ELMHURST – Elmhurst College nursing students routinely practice simulations with robotic patients, but this week the Elmhurst Fire Department joined the students for an emergency rescue situation.
"A lot of times you're educating in a vacuum … here they're really seeing the system, which is a wonderful learning opportunity," said Julie Hoff, director of Elmhurst College's Deicke Center for Nursing.
Tuesday's simulation involved the fire department as well as cooperation with Elmhurst Memorial Hospital, where construction is nearly finished on the college’s Simulation Center. Once completed, the 4,600-square-foot laboratory and classroom space, located in the hospital’s lower level, will enable the college’s nursing students to practice and build clinical skills without risk to patients.
"We're going to use it for our new nurses," said Kathy DeLaPaz, program director of Emergency Services at Elmhurst Memorial Hospital.
She explained that even though they are no longer students, nurses can benefit from simulations of less common situations. Elmhurst paramedics plan to also use the new center for ongoing education and practice.
While a few of the nursing students admitted they were a little nervous before Tuesday's simulation, they were excited for the experience, which offered the freedom to learn without fear of making mistakes.
"One big thing is when we're in sim we're always told it's a safe zone," senior nursing student Karolina Krzemien said.
Instead of a lab, students were in a parking lot interacting with professional emergency responders as they would in a true emergency.
"It's the closest thing to a real-life scenario," Elmhurst Deputy Fire Chief Bill Anaszewicz said.

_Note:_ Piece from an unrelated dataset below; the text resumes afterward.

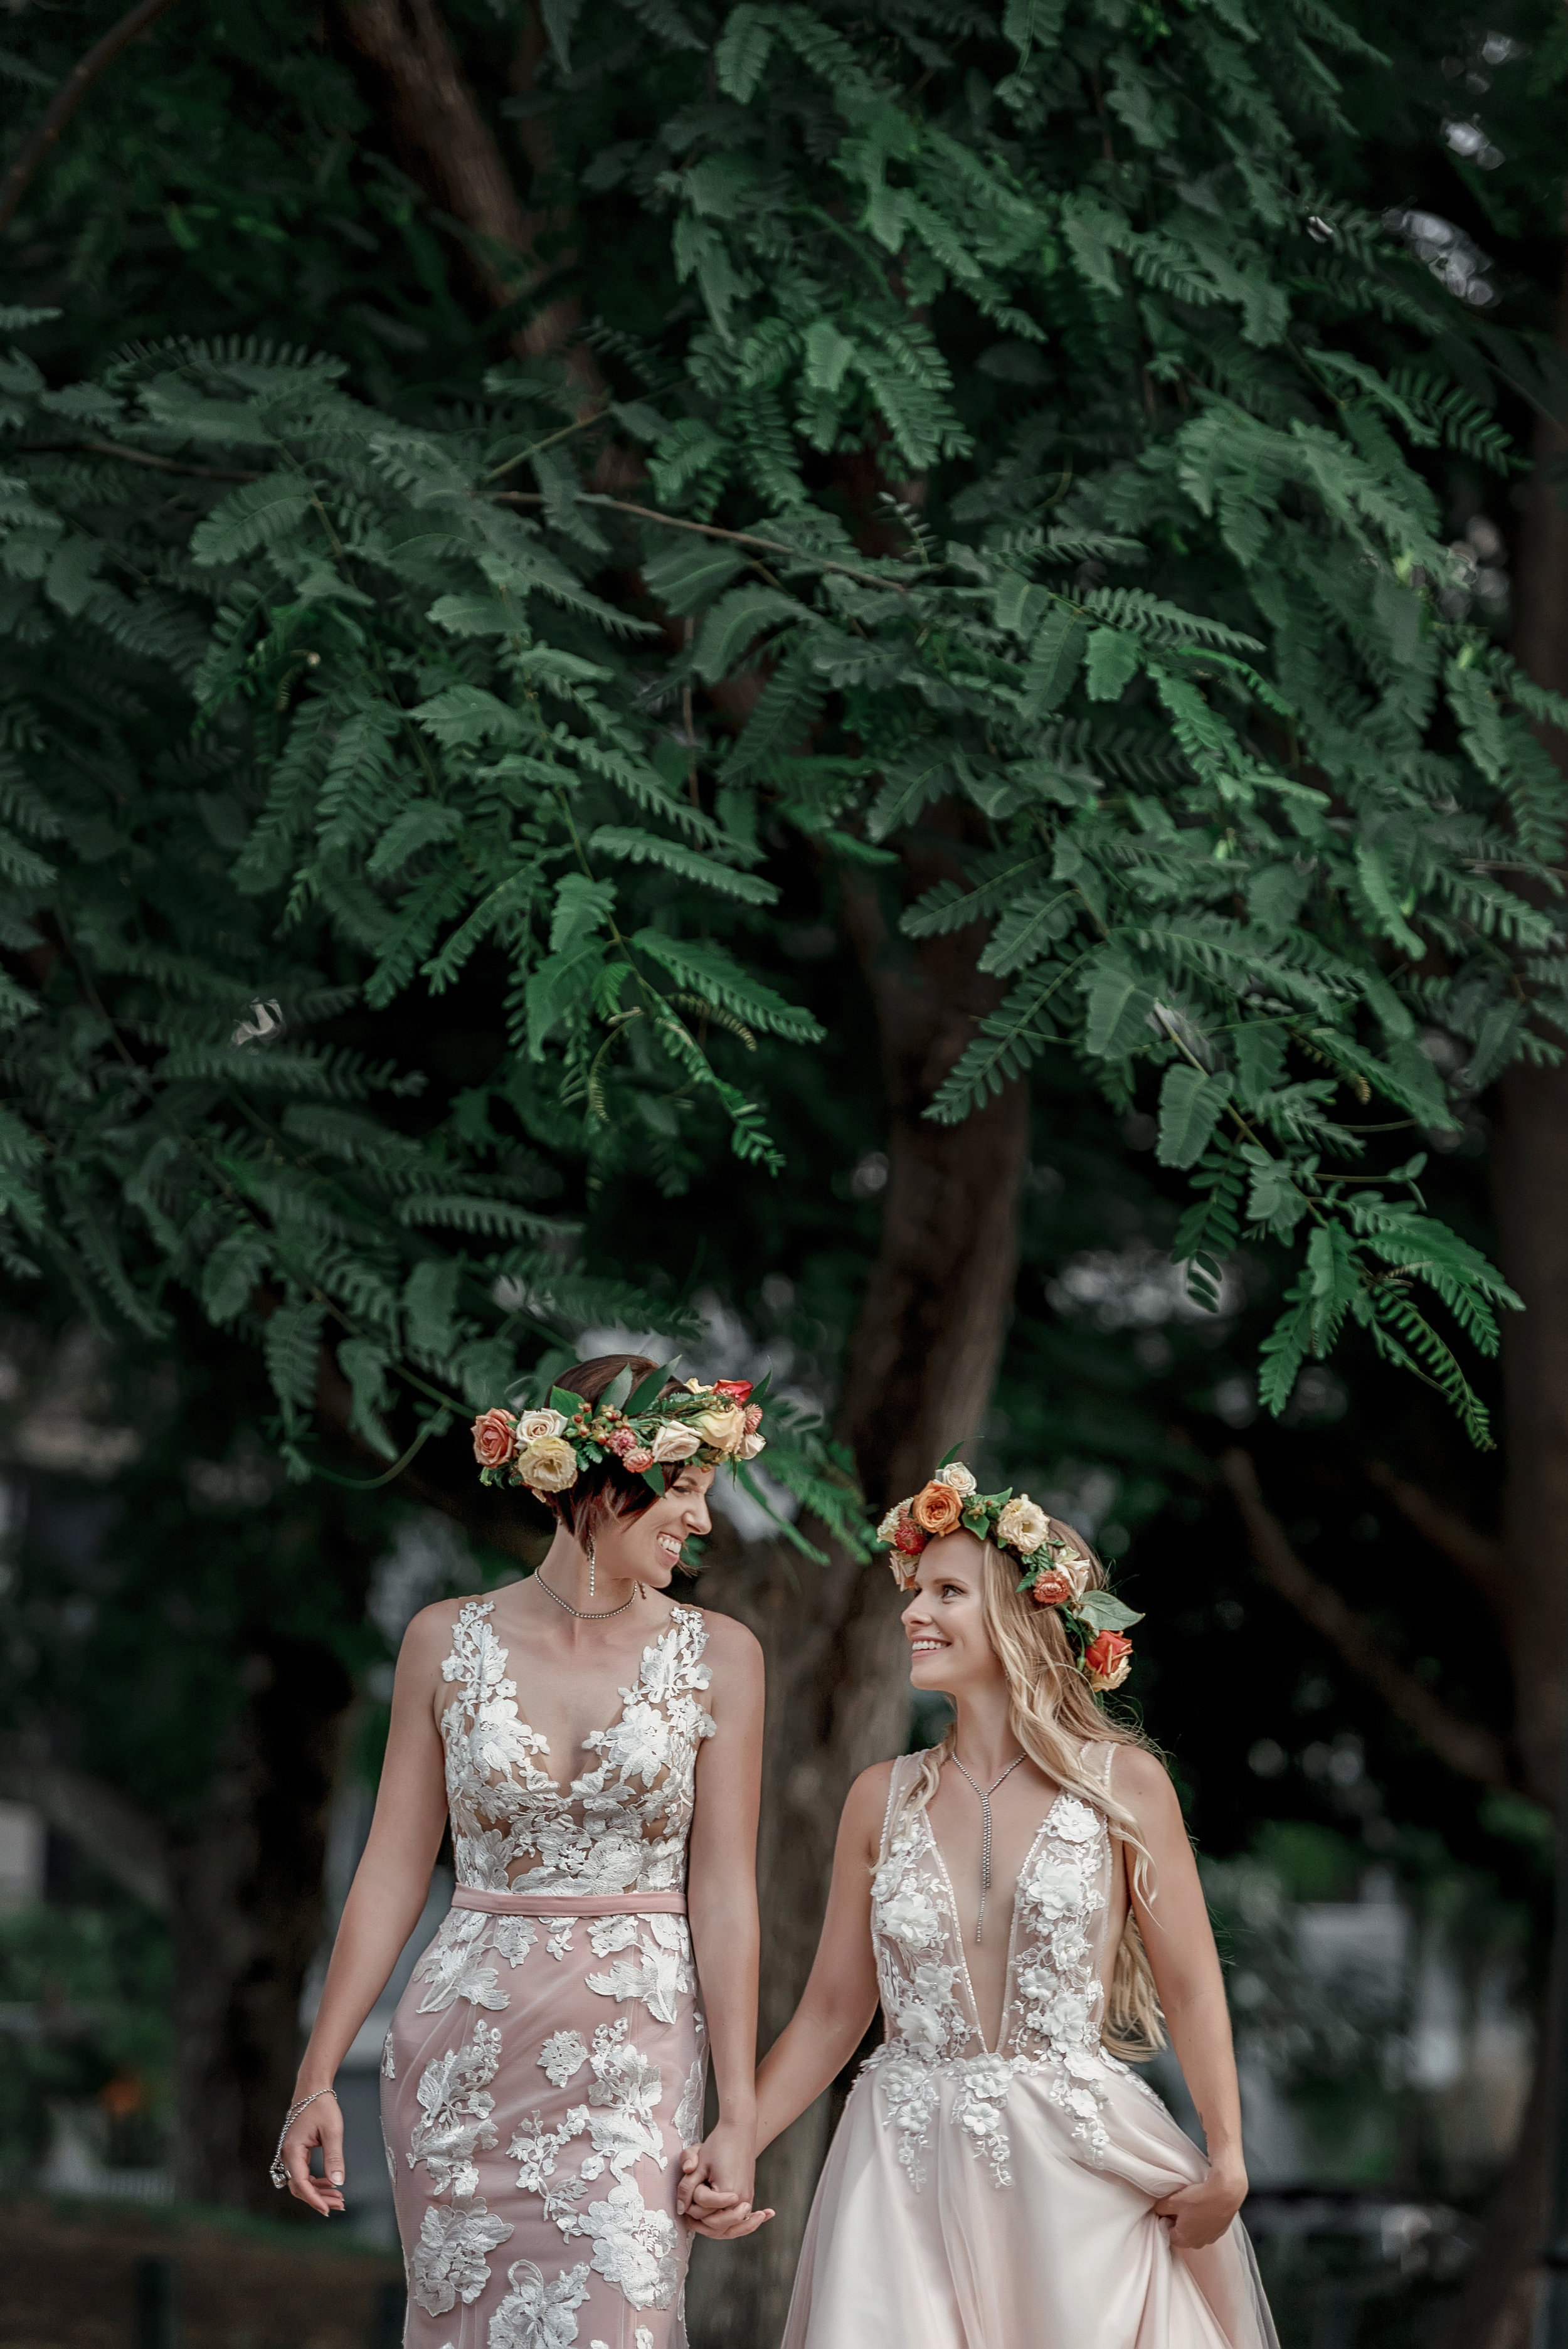 Elegant Bridal Photoshoot Floral Crowns Two Brides Lace Wedding Dress Brisbane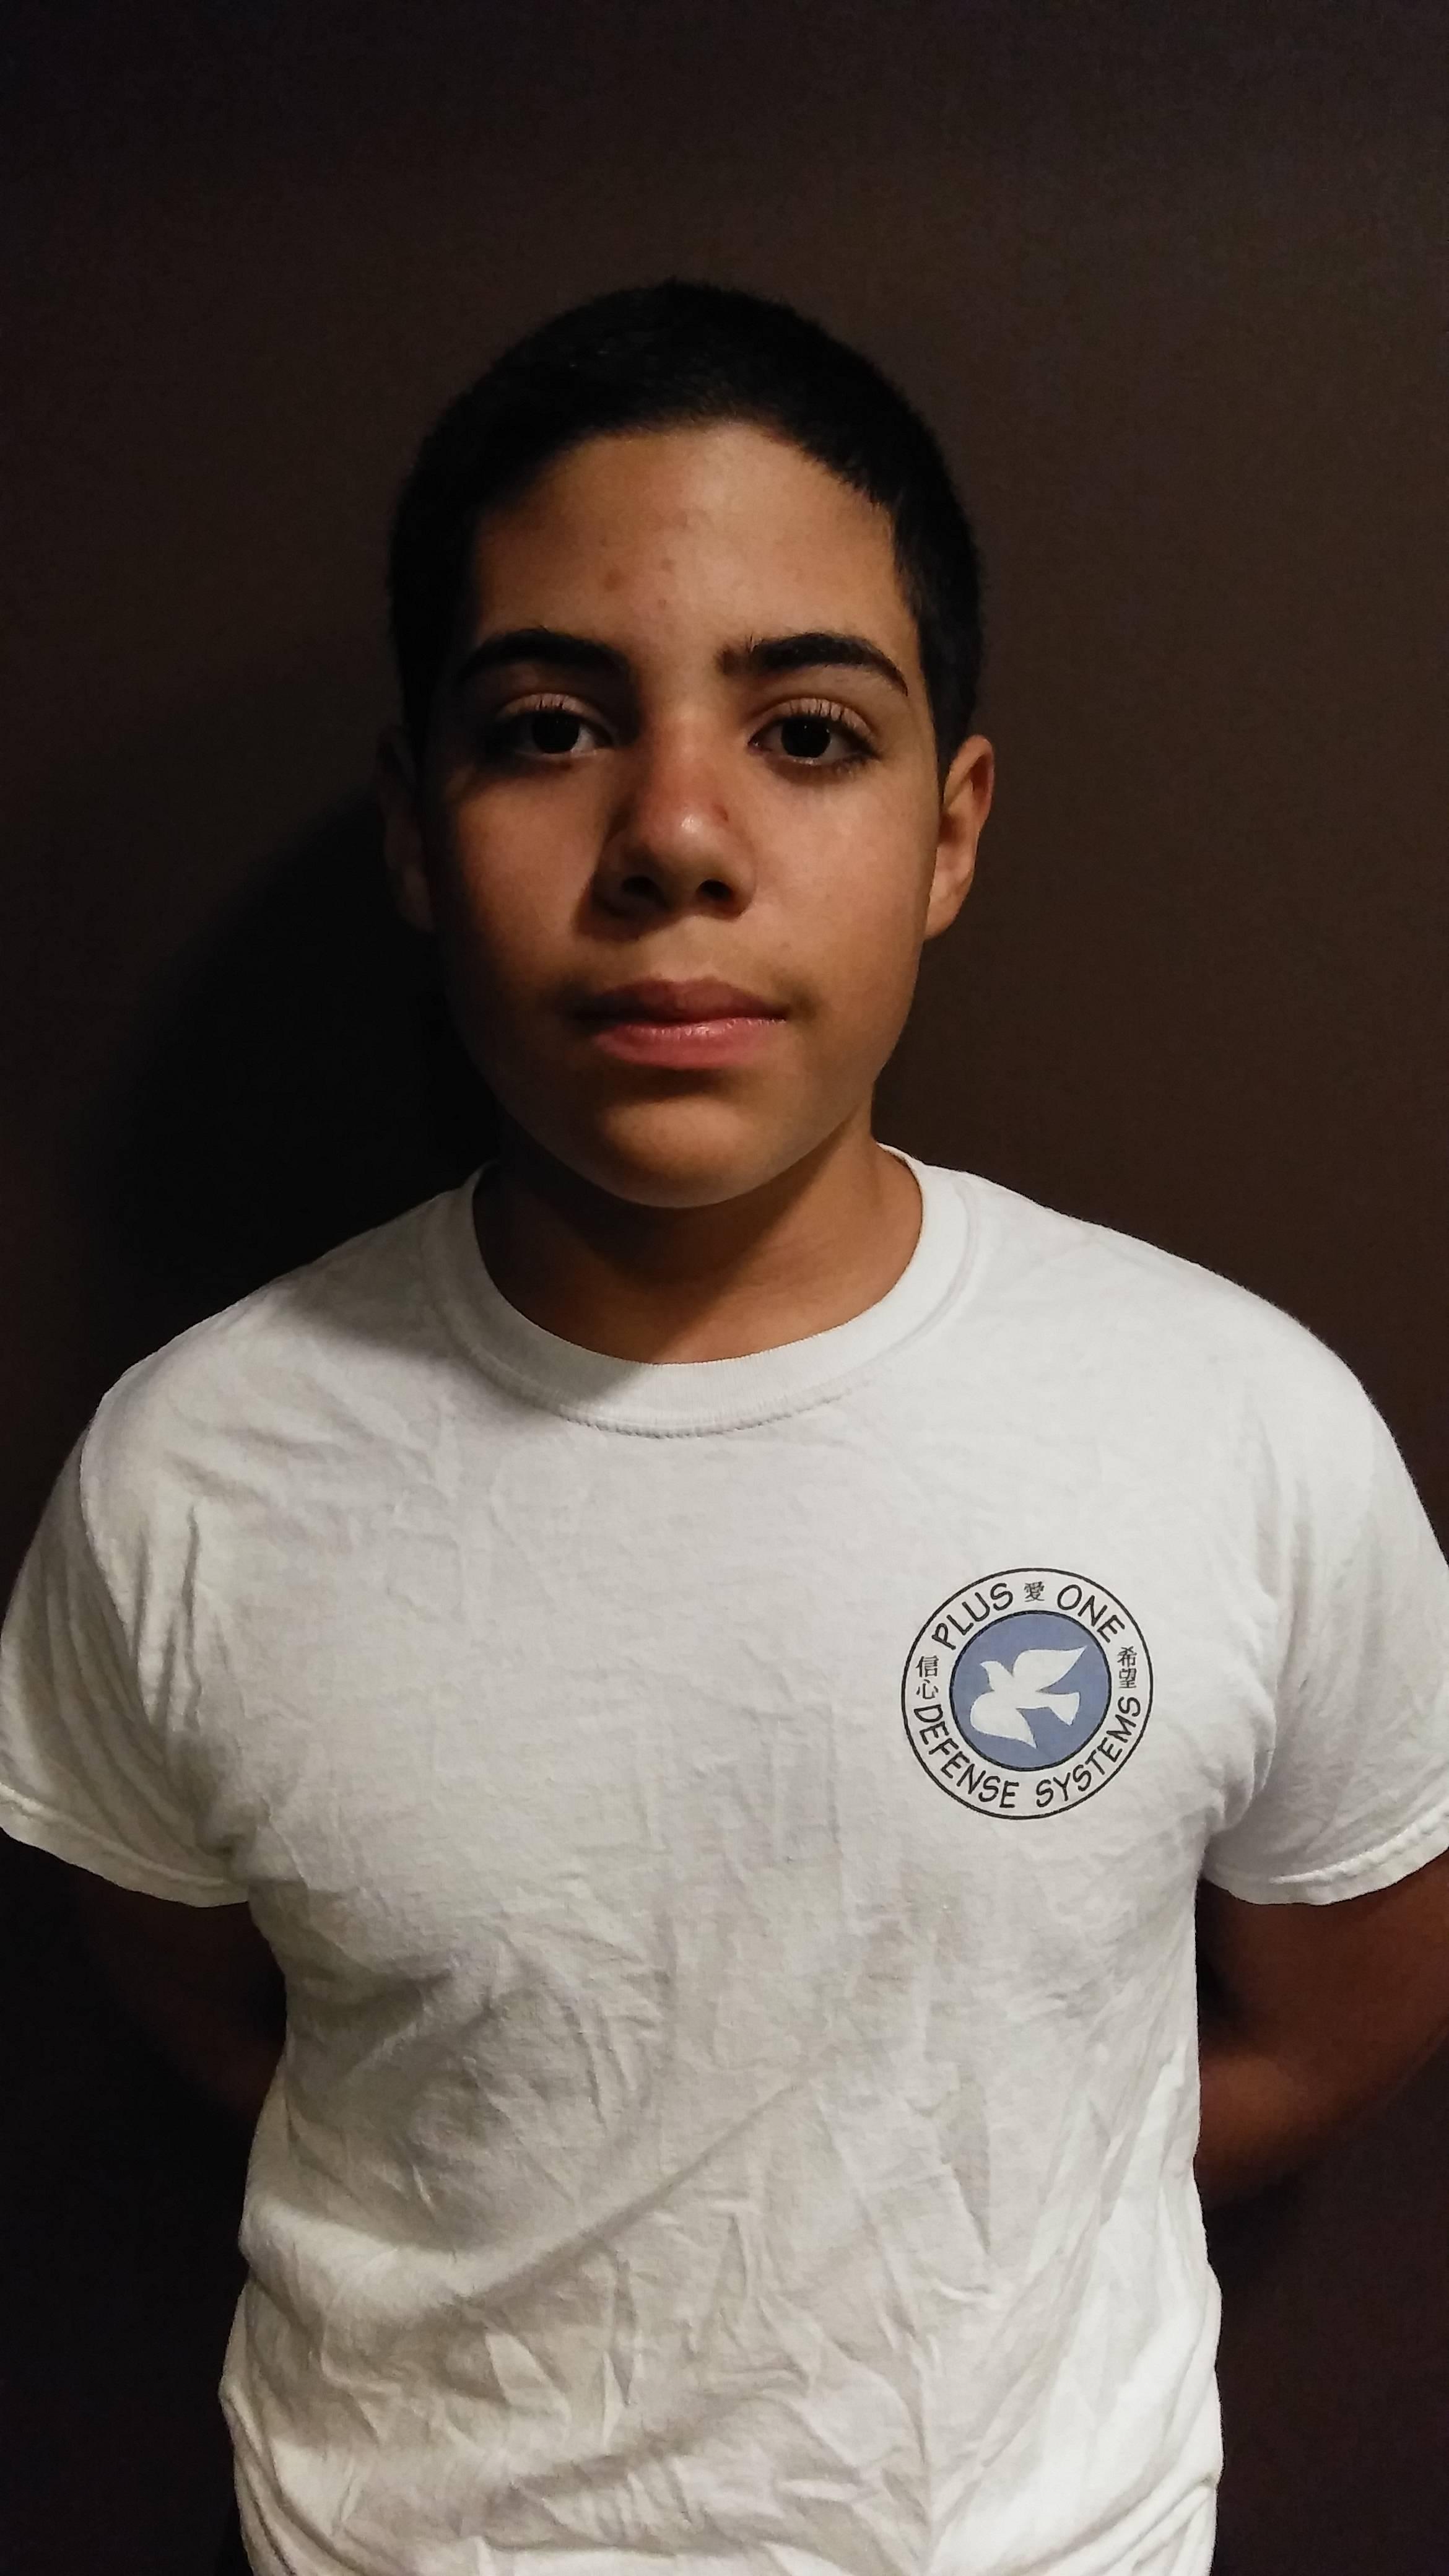 Carlos Ruiz – 1st Degree Youth Black Belt

The opportunity to work with professionals was invaluable to Laury Westbury,director of the Simulation Center, who orchestrated the entire simulation. She explained that a majority of medical errors are the result of lapses in communication.
"For patient safety now, inter-disciplinary education in between all facets of health care is really important," said Westbury, who controlled the simulated patients Tuesday, creating surprise situations for students and paramedics.
"I always believe that you need to have an understanding for everybody else's job," Elmhurst Fire Chief Jeff Bacidore said.
Anaszewicz said firefighters would normally work even faster, but within about 15 minutes, a crew of Elmhurst firefighters shattered windows, removed doors and tore the roof off of the blue Ford Explorer donated by O'Hare Towing.
"Normally, we'd take the two doors off and take the patients out," Anaszewicz said.
Instead, he explained, the firefighters took advantage of the opportunity to practice a variety of extrication procedures on the vehicle.
Recent Elmhurst College graduate Colleen Dhamer knows firsthand how important simulations are to succeeding as a nurse. As a student, Dhamer remembers working in a simulation where a baby seized. The next time she went to the hospital, she has an infant patient who seized.
"I knew what to do because I had that practice in the lab," Dhamer said.
Excited for the new Simulation Center, Westbury saw Tuesday's simulation as just the beginning for an event she hopes to hold several times each year.
"This is just like a stepping stone to what's really going to happen," Westbury said.